* **What to produce**
Instruction for the data below: set down exactly the lines from the line with "Los Angeles Dodgers" to the line with "Surprise your loved", inclusive, and no others.

◇ ◇ ◇ ◇

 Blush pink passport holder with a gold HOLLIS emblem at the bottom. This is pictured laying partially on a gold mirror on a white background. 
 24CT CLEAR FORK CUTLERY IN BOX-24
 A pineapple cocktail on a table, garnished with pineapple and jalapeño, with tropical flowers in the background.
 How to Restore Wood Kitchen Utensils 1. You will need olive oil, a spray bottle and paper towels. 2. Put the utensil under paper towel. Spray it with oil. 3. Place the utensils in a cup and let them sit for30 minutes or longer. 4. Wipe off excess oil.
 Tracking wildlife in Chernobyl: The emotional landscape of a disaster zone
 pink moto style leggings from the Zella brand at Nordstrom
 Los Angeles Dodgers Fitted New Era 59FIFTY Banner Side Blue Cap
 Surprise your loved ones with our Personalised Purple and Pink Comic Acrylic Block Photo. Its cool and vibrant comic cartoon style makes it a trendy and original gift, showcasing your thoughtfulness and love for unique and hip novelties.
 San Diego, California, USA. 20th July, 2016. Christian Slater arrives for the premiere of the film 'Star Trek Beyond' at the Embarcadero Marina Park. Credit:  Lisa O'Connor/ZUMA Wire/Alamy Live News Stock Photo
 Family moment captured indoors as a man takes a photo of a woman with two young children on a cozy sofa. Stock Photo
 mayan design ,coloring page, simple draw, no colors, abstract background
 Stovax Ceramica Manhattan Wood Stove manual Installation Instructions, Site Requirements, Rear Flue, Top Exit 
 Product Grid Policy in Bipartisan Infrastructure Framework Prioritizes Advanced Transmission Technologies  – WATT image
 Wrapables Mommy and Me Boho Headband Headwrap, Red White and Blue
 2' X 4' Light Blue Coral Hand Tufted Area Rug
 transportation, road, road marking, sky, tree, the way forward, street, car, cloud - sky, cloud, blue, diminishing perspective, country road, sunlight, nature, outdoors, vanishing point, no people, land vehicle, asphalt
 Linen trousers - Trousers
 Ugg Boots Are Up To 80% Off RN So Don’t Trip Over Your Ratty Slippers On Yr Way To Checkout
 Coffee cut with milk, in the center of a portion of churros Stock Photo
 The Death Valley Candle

◇ ◇ ◇ ◇

* **Output below**
 Los Angeles Dodgers Fitted New Era 59FIFTY Banner Side Blue Cap
 Surprise your loved ones with our Personalised Purple and Pink Comic Acrylic Block Photo. Its cool and vibrant comic cartoon style makes it a trendy and original gift, showcasing your thoughtfulness and love for unique and hip novelties.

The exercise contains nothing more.